* _Information shown_
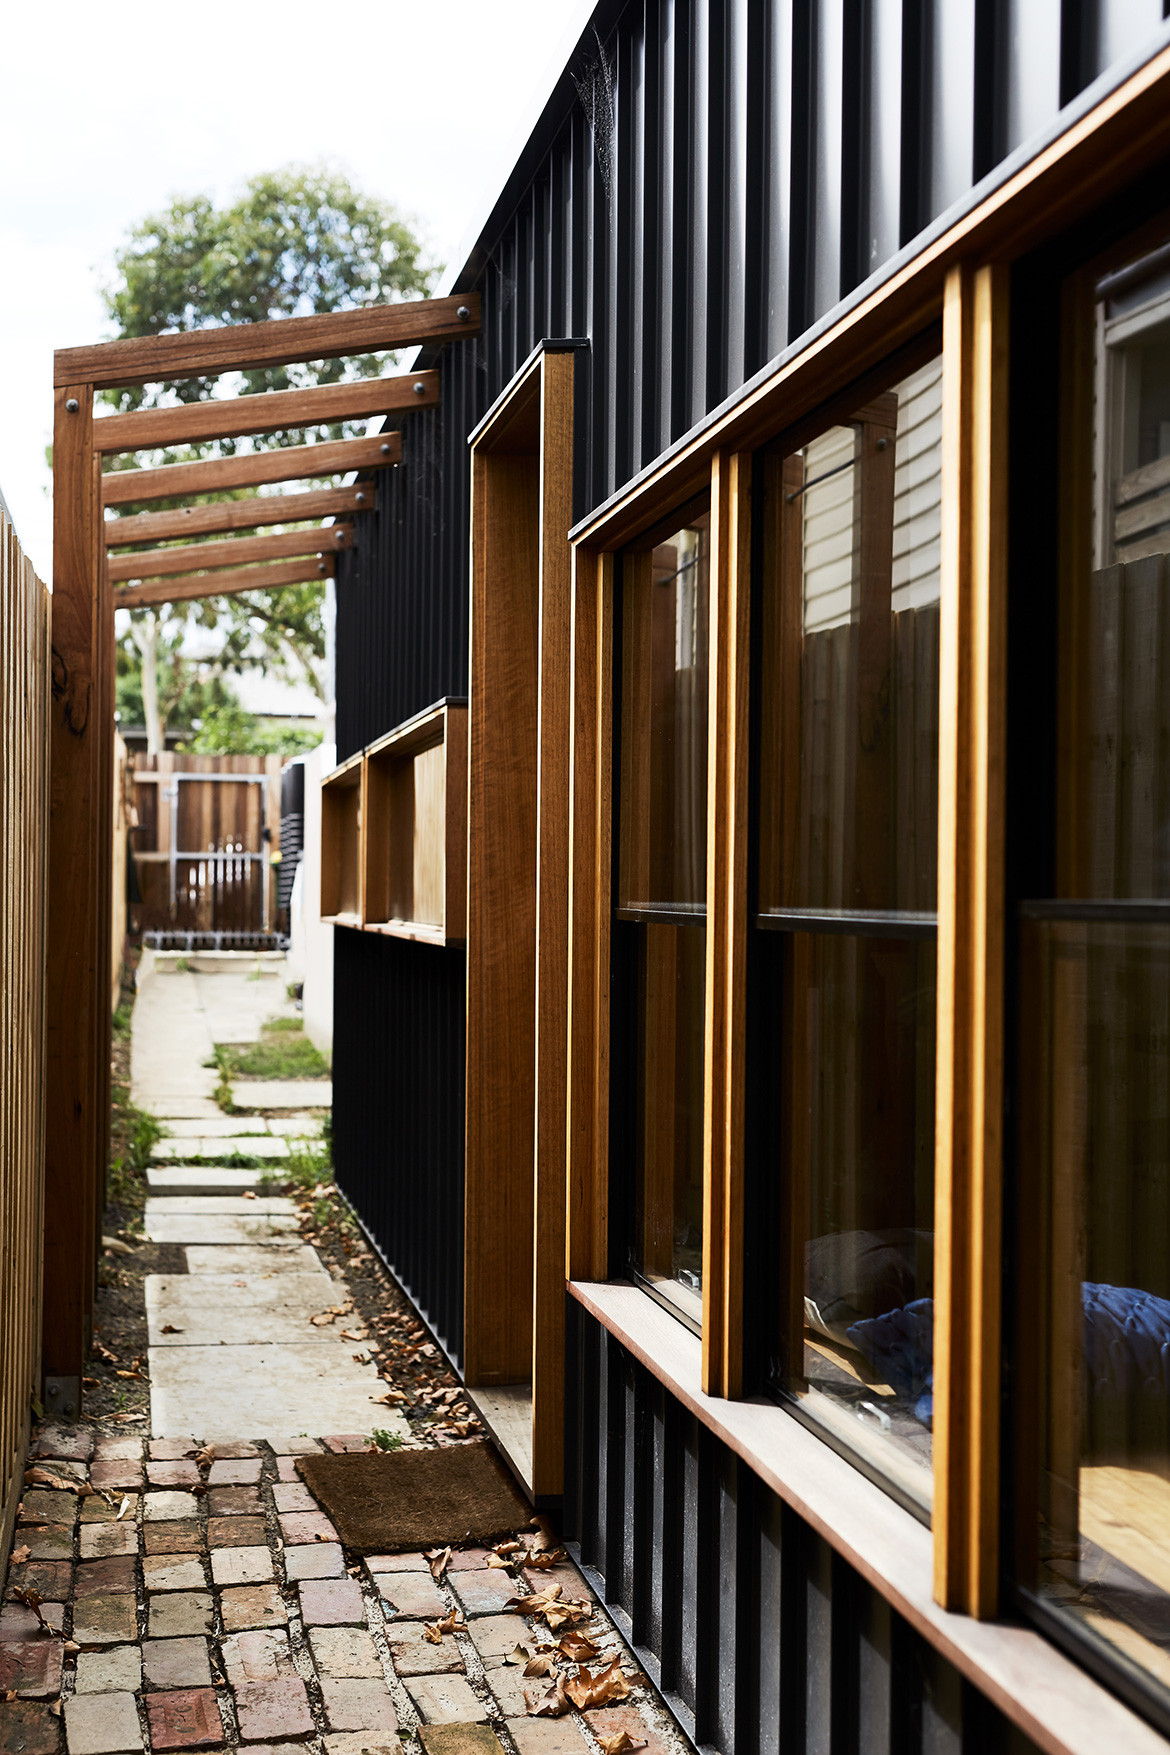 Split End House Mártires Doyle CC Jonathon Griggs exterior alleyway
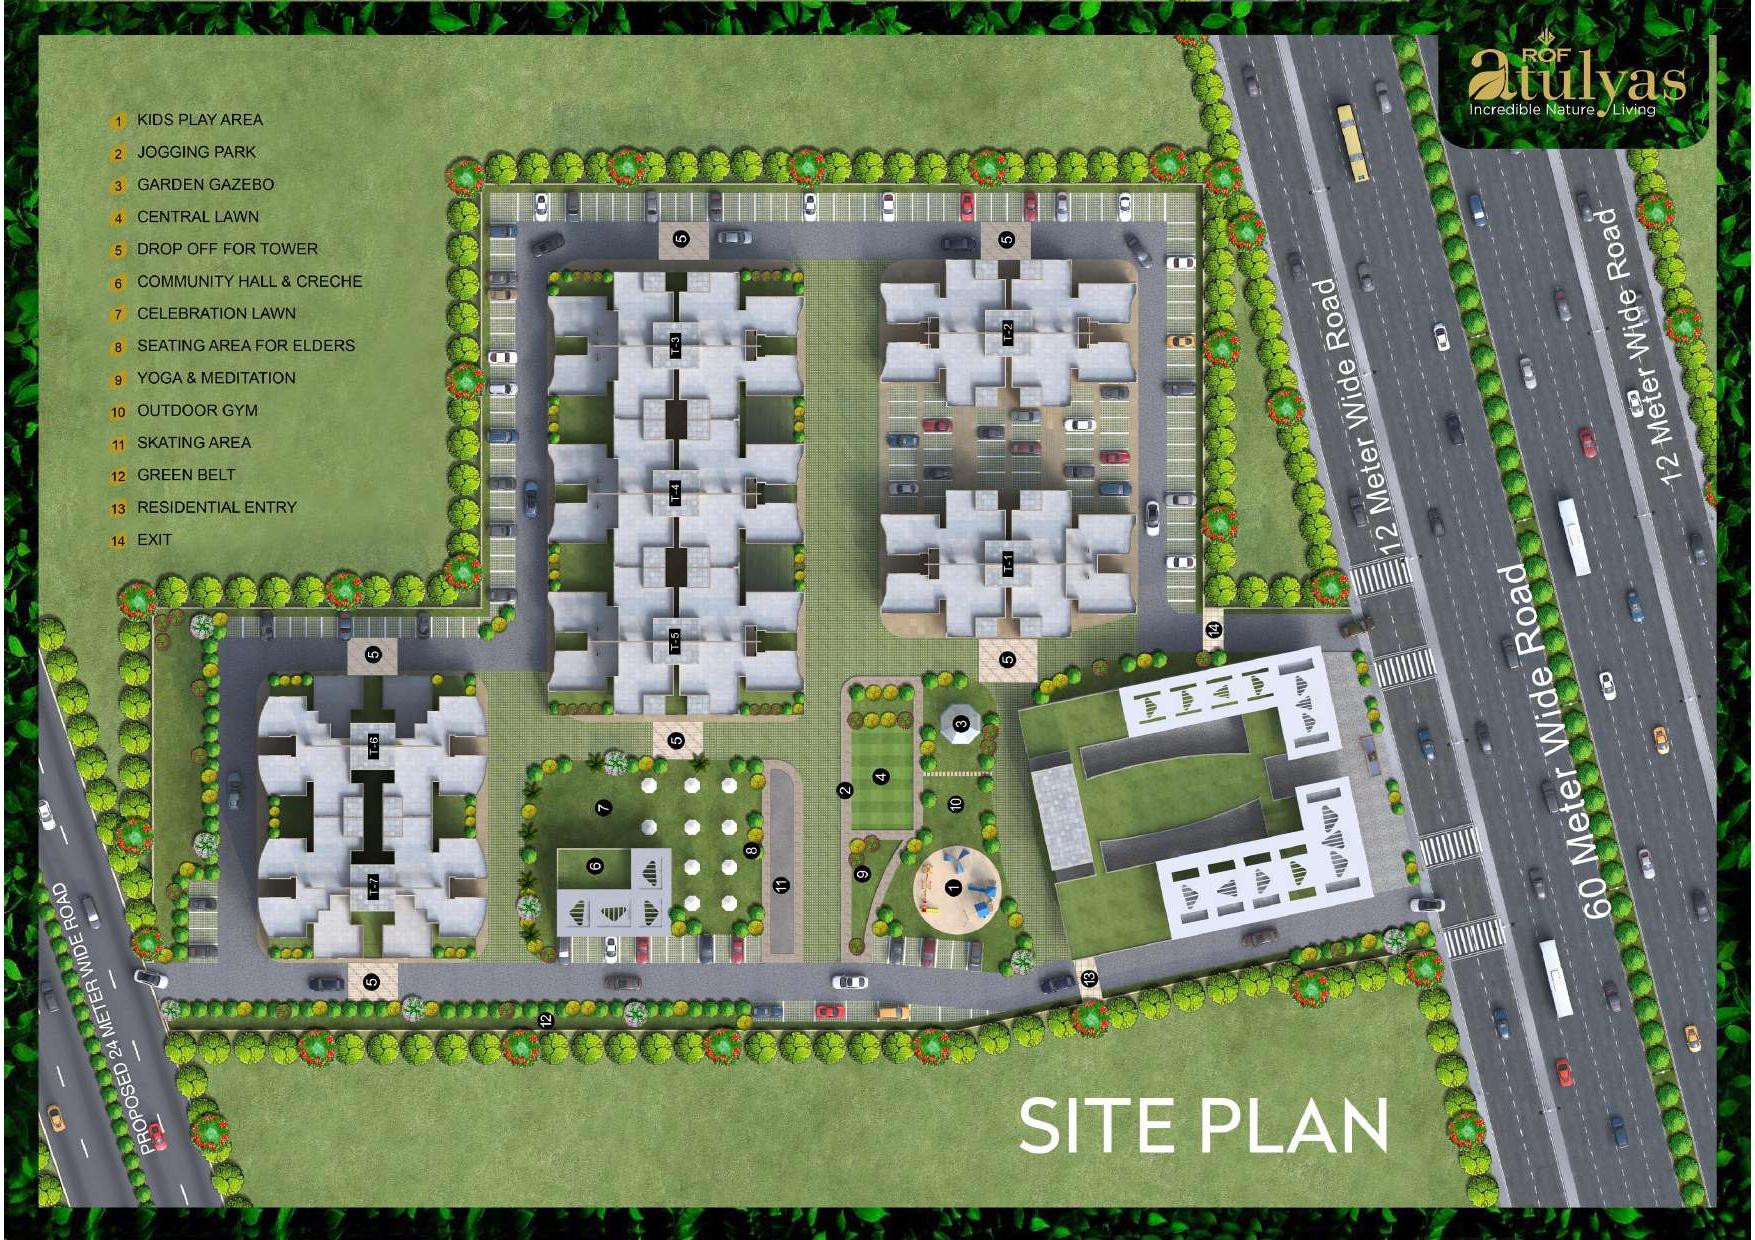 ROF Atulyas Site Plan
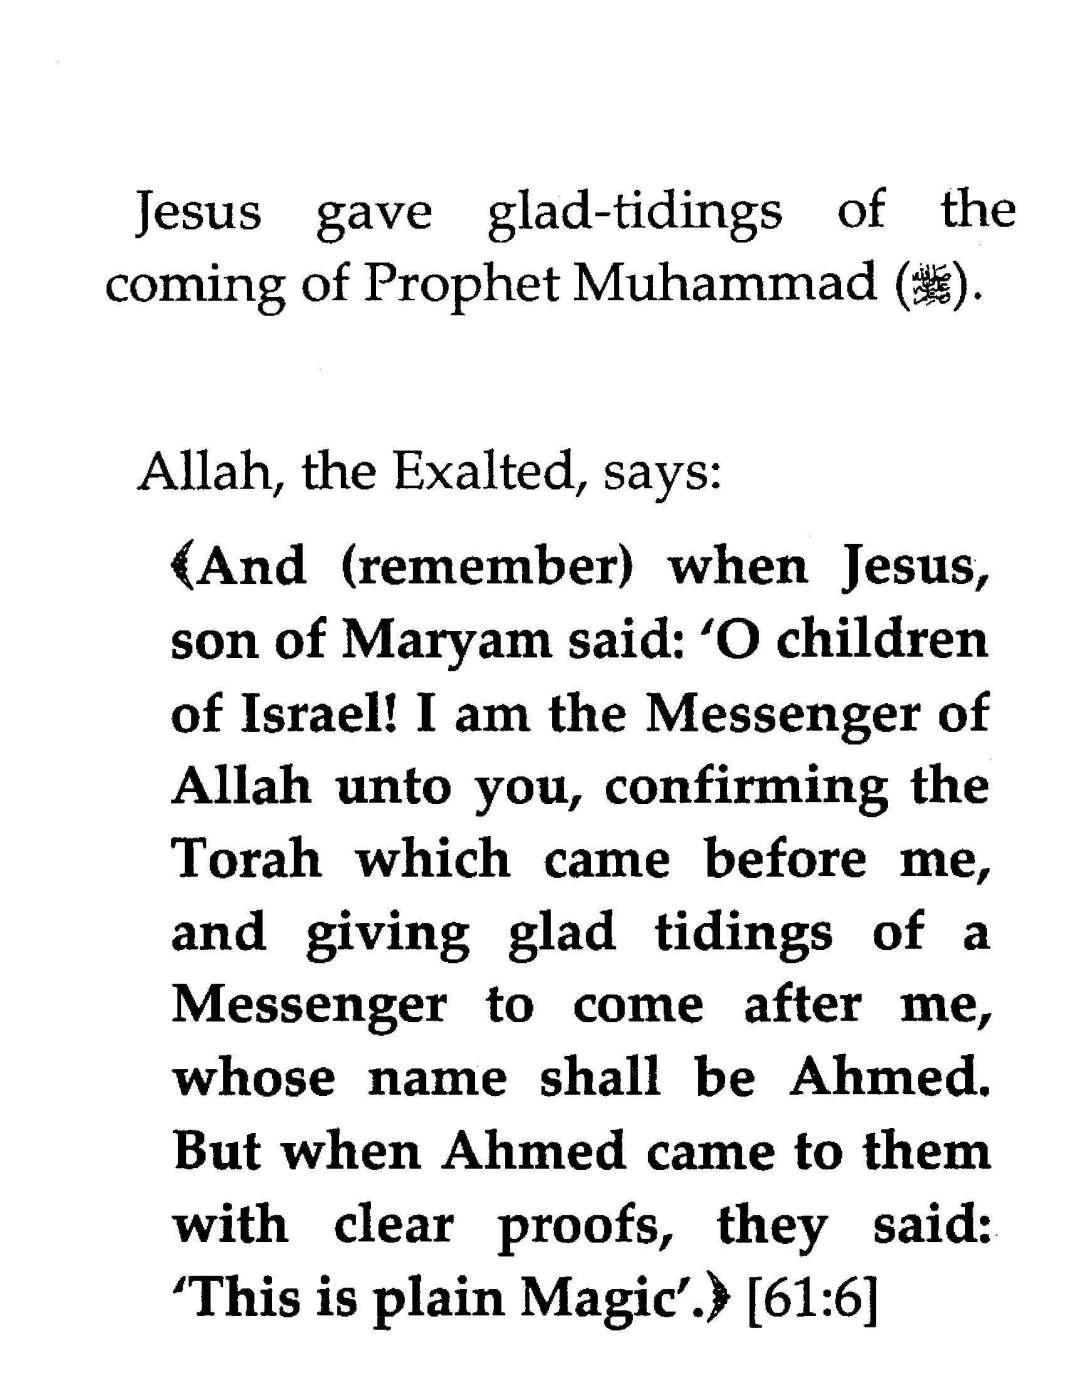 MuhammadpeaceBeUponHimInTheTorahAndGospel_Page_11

* _Activity_
Give the data above again, exactly and completely. No pictures go in.

* _Response for this exercise_
 Split End House Mártires Doyle CC Jonathon Griggs exterior alleyway
 ROF Atulyas Site Plan
 MuhammadpeaceBeUponHimInTheTorahAndGospel_Page_11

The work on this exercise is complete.